После Виктор Иванович и так, и эдак прикидывал, и в любом случае получалось, что через Федора просочилась информация. И был не прав от начала до конца, в своих логических умозаключениях он не учел знаменитого женского чутья.

В своей династии сормовских курабелов он был как бы отломанный ломоть, тупиковая ветвь, белая ворона. Существовала еще одна тупиковая ветвь двоюродных братьев его деда - оба они ушли в революцию, в стачку, в подпольную работу. Оба они стали большими людьми, принимали участие в общепартийных дискуссиях, подписывали «платформу». Эта ветвь полностью пресеклась в тридцать седьмом году.

Федор и Виктор Иванович выпускали рукописную газету «Под вой сарлыков». Федор заведовал в газете иллюстративной частью, а также публиковал приключенческую повесть «По следу» о героическом подвиге наших разведчиков, разворошивших осиное гнездо шпионов и диверсантов, окопавшихся в скобяной лавке и обозе по очистке площадей и улиц от нечистот и мусора. Виктор Иванович лично позировал, когда Федор иллюстрировал собственное сочинение. Изображая героического разведчика, первым кинувшегося по следу преступных заговорщиков и оборотней, он стал на все свои четыре, выставив зад.

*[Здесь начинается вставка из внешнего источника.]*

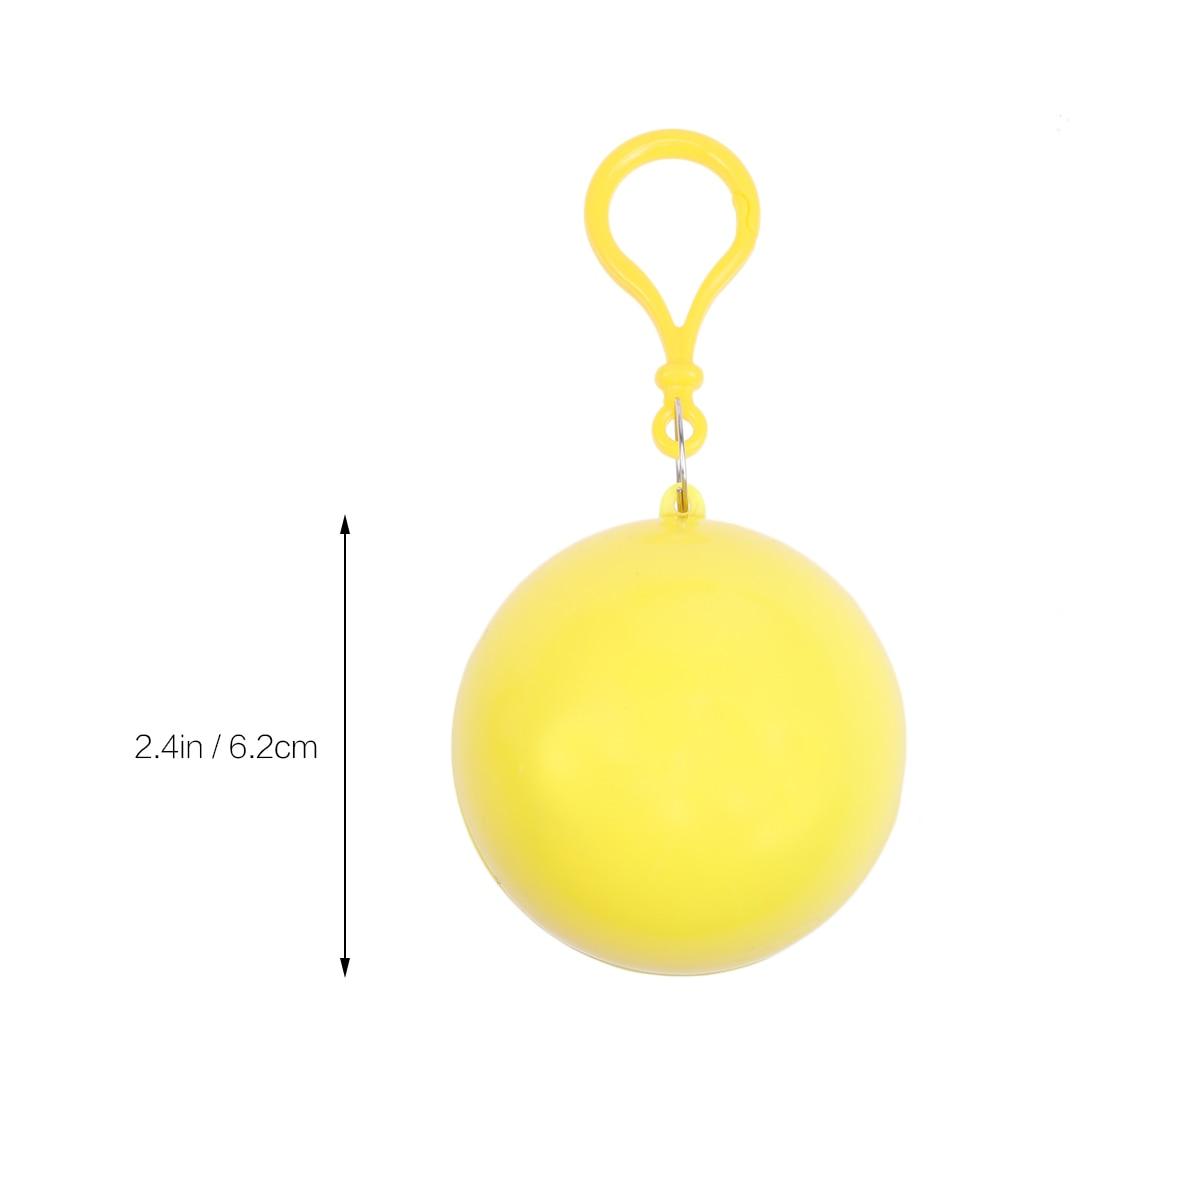 Creative Rainwear Raincoat Disposable Camping Rain Poncho in a Ball Keychain /%Y*
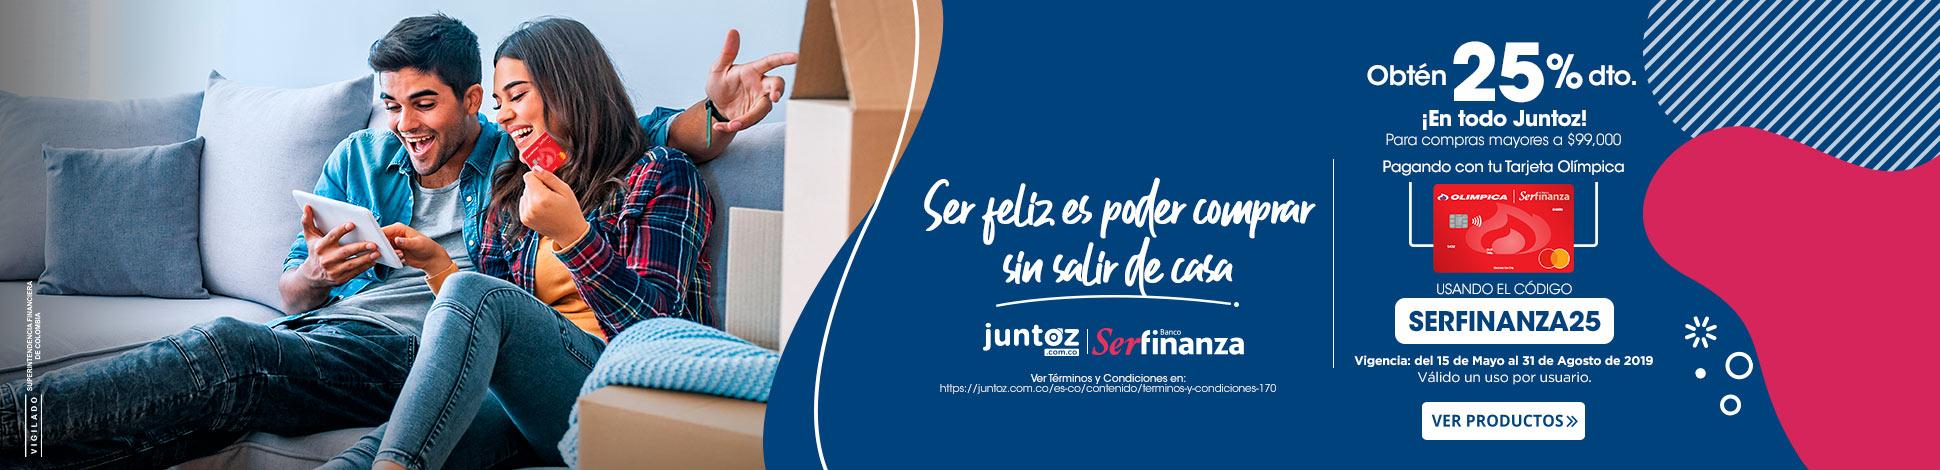 HS-SerFinanza.jpg | Juntoz.com

Виктор Иванович был автором всей публицистики, литературной и другой искусствоведческой критики, научно-фантастических эскизов и опусов, классической прозы, ямбов, хореев и гекзаметров, канонов и апокрифов, а также очерков и зарисовок на бытовые и политические темы. Одновременно он позировал Федору во всей его иллюстративной работе. Короче говоря, Виктор Иванович являлся душой и телом всей рукописной газеты.

Виктор Иванович был одновременно и редактором, и создателем сатирического (cугубо) приложения «На ходу подошвы шибает». И тут любимым героем у него выступал небезызвестный во всем районе «призрак»...

2

Маленки - она - дородная, блондинистая, он и четырнадцатилетний ее сын - проживали через две комнаты от Федора, как раз на изгибе П-образного барака. И их комната носила на себе след этого изгиба: сочлененная, углом, из двух створов. Вместе с тем их комната - самая просторная в бараке и солнечная: в два окна на восток и юг.

Каждый из трех проживавших в комнате на изгибе барака носил свою собственную фамилию, а Маленками их называли скопом с легкой руки Марты, по фамилии учительницы начальных классов. Все знали, что она из местных, их кержаков. Конечно же, Маленкой она стала получивши брачное свидетельство. Не могла кержачка носить такой фамилии.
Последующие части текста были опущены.